World Bank backs massive India coal plant, calls it "clean development"

AP Photo/Rajesh Nirgude
In this 2005 photo, India's main opposition Bharatiya Janta Party workers shout slogans against the western Indian Maharashtra state government during a protest in Bombay against power shortages.

The World Bank Group has come under fire from environmentalists for approving financing for a 4-billion-watt coal-fired power plant in Mundra, Gujarat, India, which will be funded in part by money intended to reduce carbon emissions.

On Tuesday, the board of the World Bank Group's International Finance Corporation approved $450 million in loans over 20 years for the hyperbolically named Tata Ultra Mega, a $4.14 billion power plant expected to go online in mid-2011. The plant, run by Tata, India's largest corporation, will provide electricity for five states in the north and west.

According to a press release from the IFC, the plant will be India's cleanest and most efficient:

While the plant will emit 23 million tons of CO2, its use of supercritical technology will make it India’s most efficient coal-fired plant. The intensity of the plant’s carbon emissions is expected to be 40 percent less than the average of existing coal-fired plants in India and 16 percent less than the average of coal plants in OECD countries. Its competitive tariff will also improve access to energy for many low-income people in the country.

How much is 23 million tons of CO2? According to this handy website produced by the Center for Global Development, if it were running today, the Mega Ultra would be, in absolute terms, the second highest CO2 emitting power plant in India and the 23rd highest in the world.

Despite these figures, the plant's relative per-capita efficiency qualifies as a Clean Development Mechanism under the Kyoto Protocol, which means that industrialized countries can invest in it as a low-cost alternative to reducing carbon emissions in their own country.

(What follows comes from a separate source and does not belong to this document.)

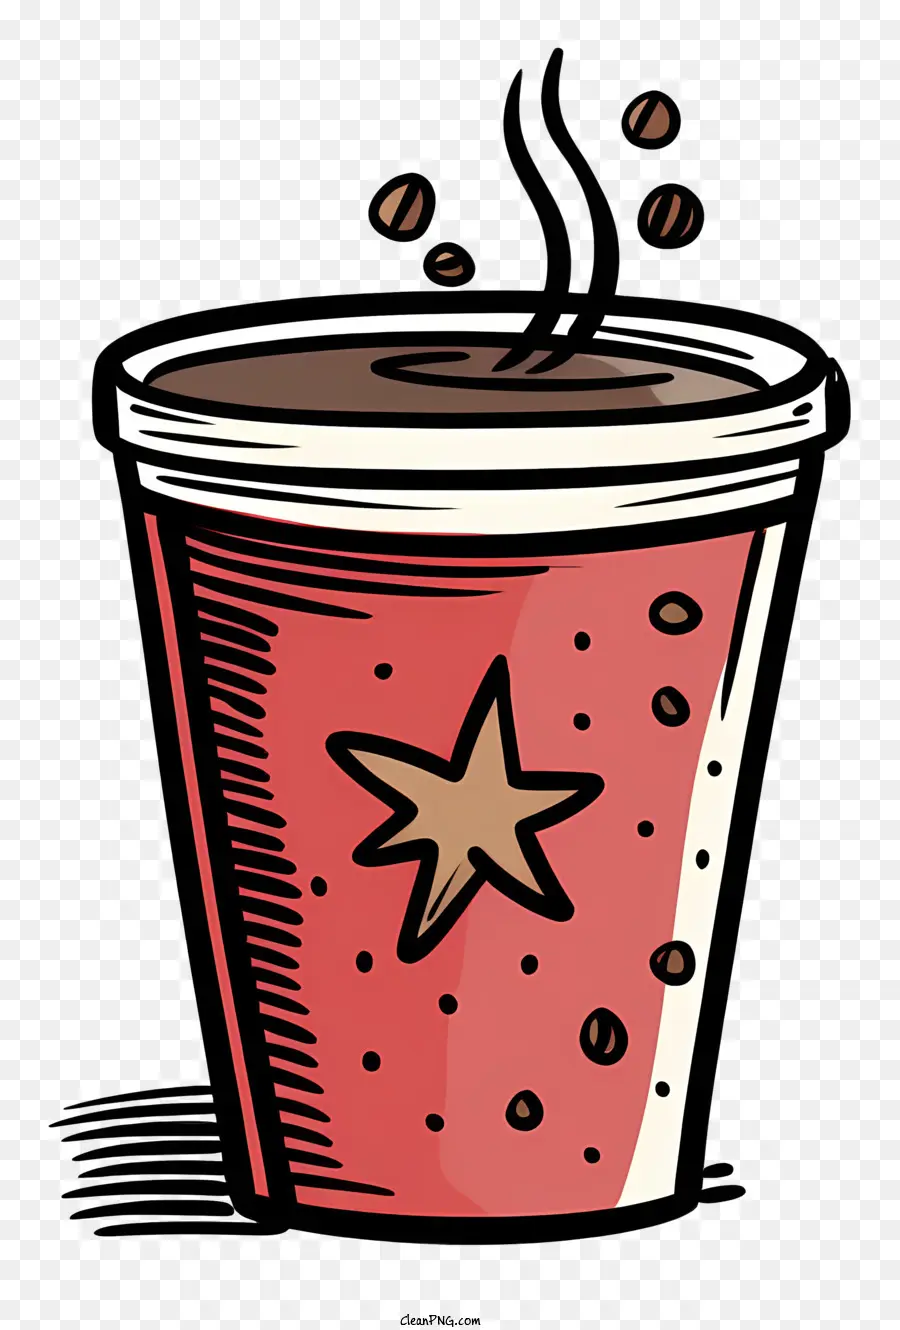 Kaffee Fleck - Rotpapier Tasse mit Kaffeefleck und Dampf

This has some environmentalists outraged. In a scathing commentary in Foreign Policy In Focus Daphne Wysham and Shakuntala Makhijani condemn what they call "climate profiteering" by the World Bank, Tata, and industrialized countries:

The World Bank has seized upon the immense challenges climate change poses to humanity and is now front and center in the complicated, international world of carbon finance. It can turn the dirtiest carbon credits into gold.

How exactly, does this work, you ask?

Quite simply: The Bank finances a fossil fuel project, involving oil, natural gas, or coal, in Poor Country A. Rich Country B asks the Bank to help arrange carbon credits so Country B can tell its carbon counters it’s taking serious action on climate change. The World Bank kindly obliges, offering carbon credits for a price far lower than Country B would have to pay if Country B made those cuts at home. Country A gets a share of the cash to invest in equipment to make fossil fuel project slightly more efficient, the World Bank takes its 13% cut, and everyone is happy.

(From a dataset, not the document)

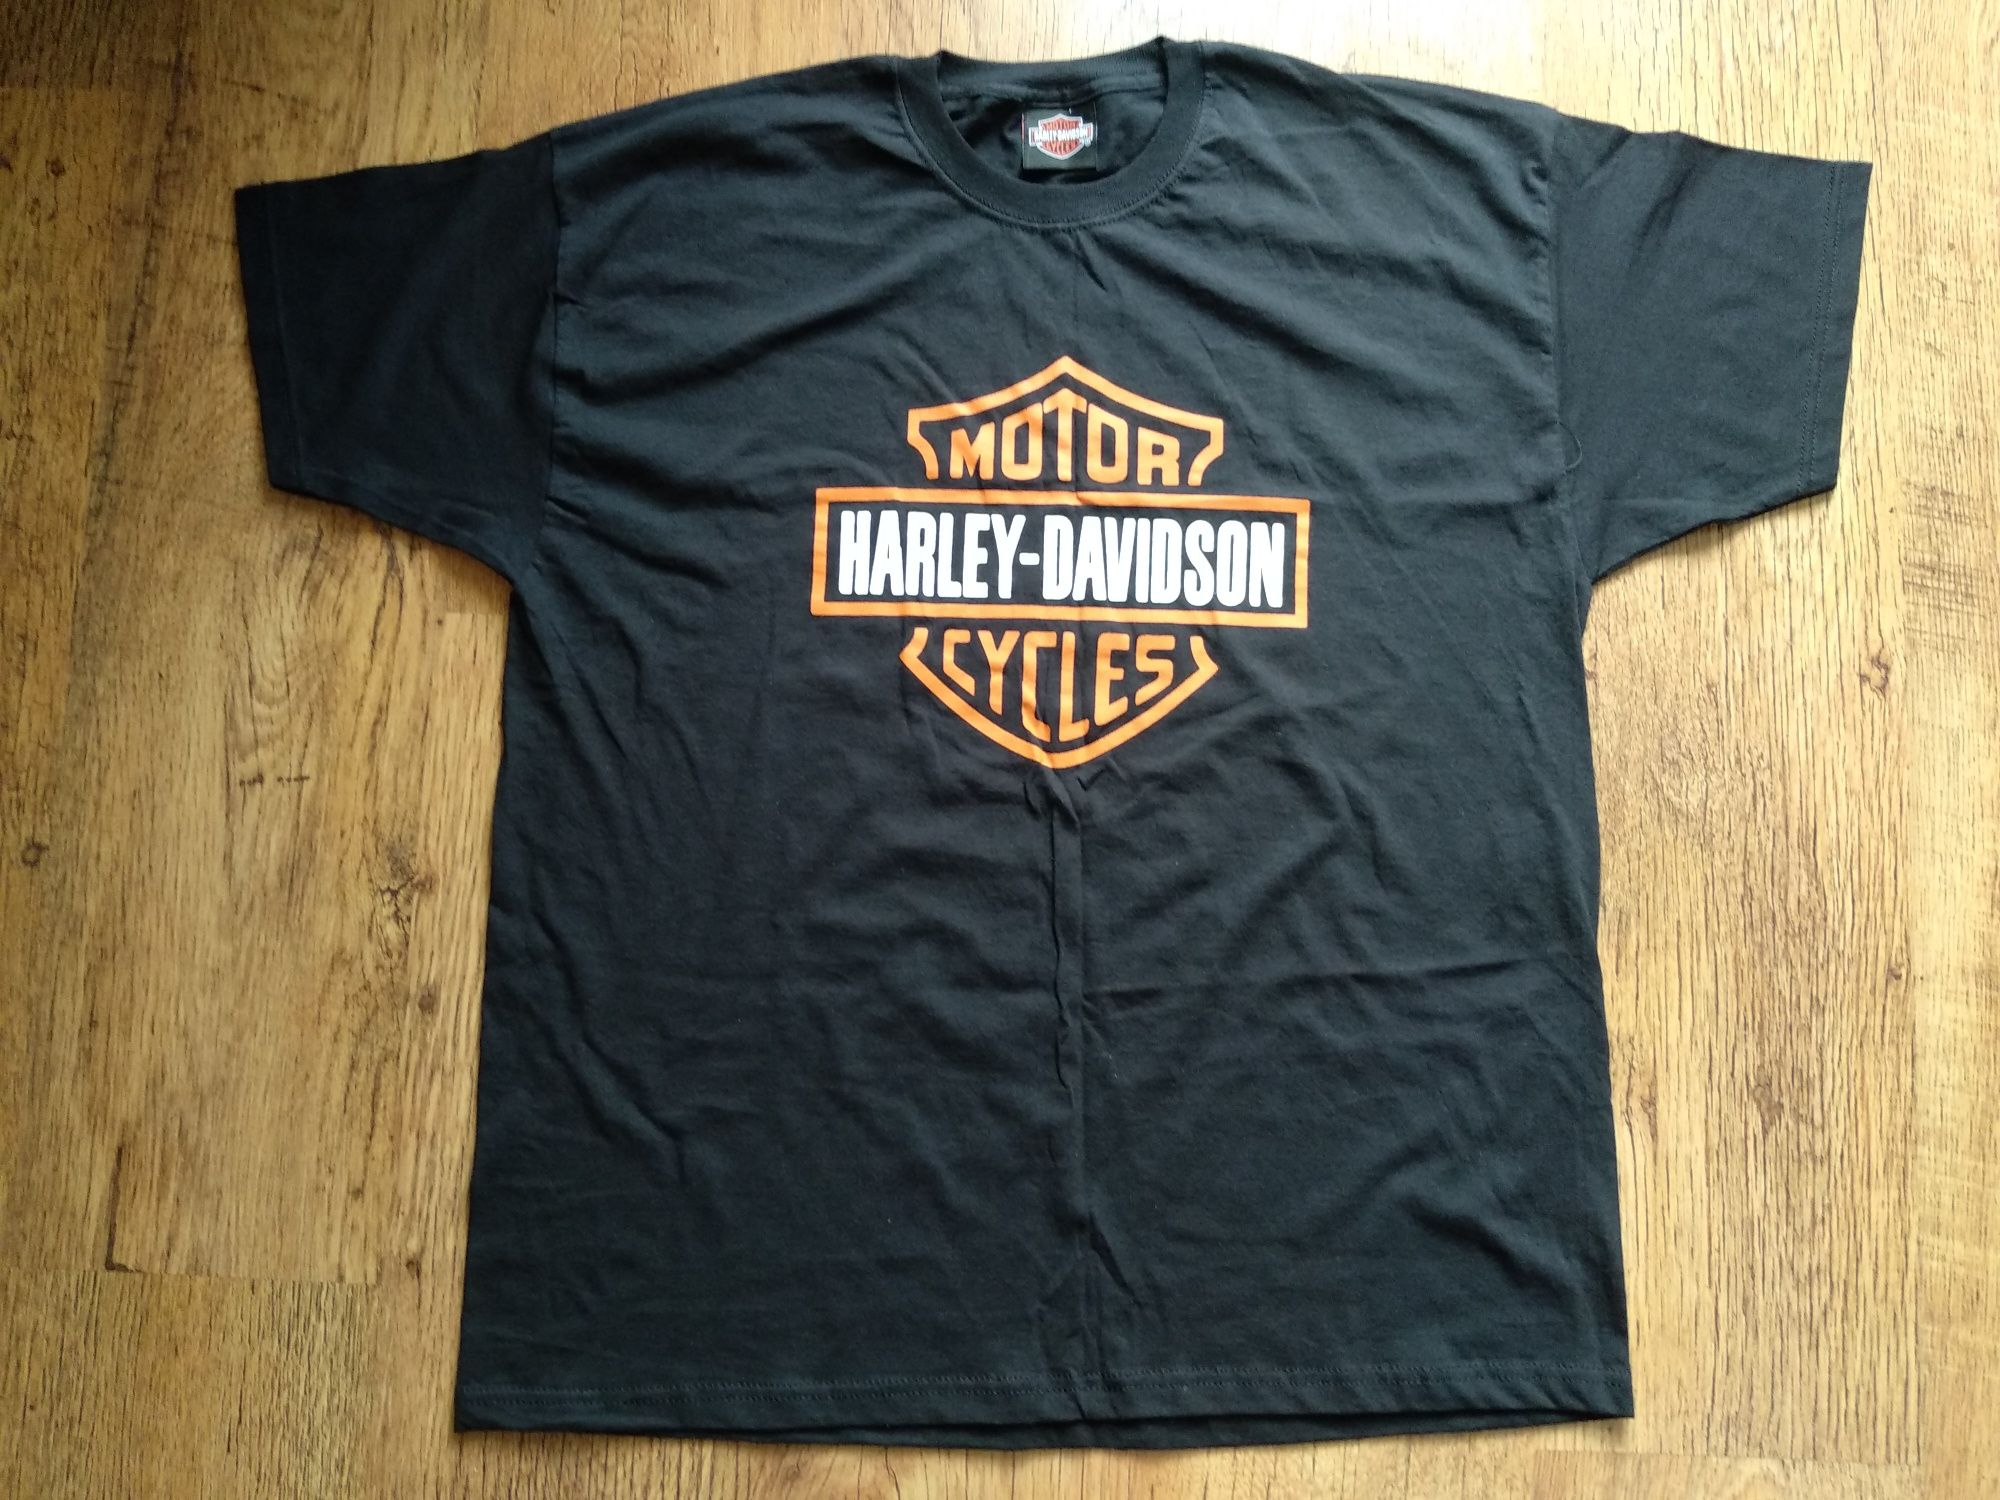 Koszulka  Harley Davidson rozmiar XXL,koszulka Harley Davidson

Everyone, that is, who is cashing in on this deal. If you’re after a real solution to the climate crisis, these shenanigans can and should make you unhappy.

But despite the dubious environmental benefits of the Mega Ultra, the fact remains that India desperately needs reliable power. It's very easy for someone like me, sitting in a well-lit Boston office (okay, cubicle), to gloss over what it's like to live with sporadic power. According to the Mega Ultra's project description, the states that the plant would serve currently face energy shortages ranging from 7 percent to 19 percent and peak power shortages ranging from 10 percent to 30 percent. And more than half of India's rural households have no electricity. If India is ever going to lift its population out of poverty, it needs electricity.

But there could be a better option. An analysis by David Wheeler, a former World Bank economist, shows that the Mundra region is a great candidate for thermal solar power because it's sparsely settled and gets a lot of sun. The cost of solar power, he says, would cost 8.23 cents per kilowatt-hour, versus 7.65 cents for Mega Ultra's coal. He shows that the remaining cost gap could be completely covered by financing from international clean technology funds, that is, true carbon offsets. If Mundra went solar, Wheeler argues, the project would improve the World Bank's image and help advance technology in renewable energy. Not to mention keeping Gujarat's skies free of mercury and toxic particulates.

But the check has already been signed for the Ultra Mega, so it would take tremendous public pressure to keep it from going online. Given India' acute need for electricity, those opposing the plant will need to work hard to reframe the debate away from one the environment versus prosperity.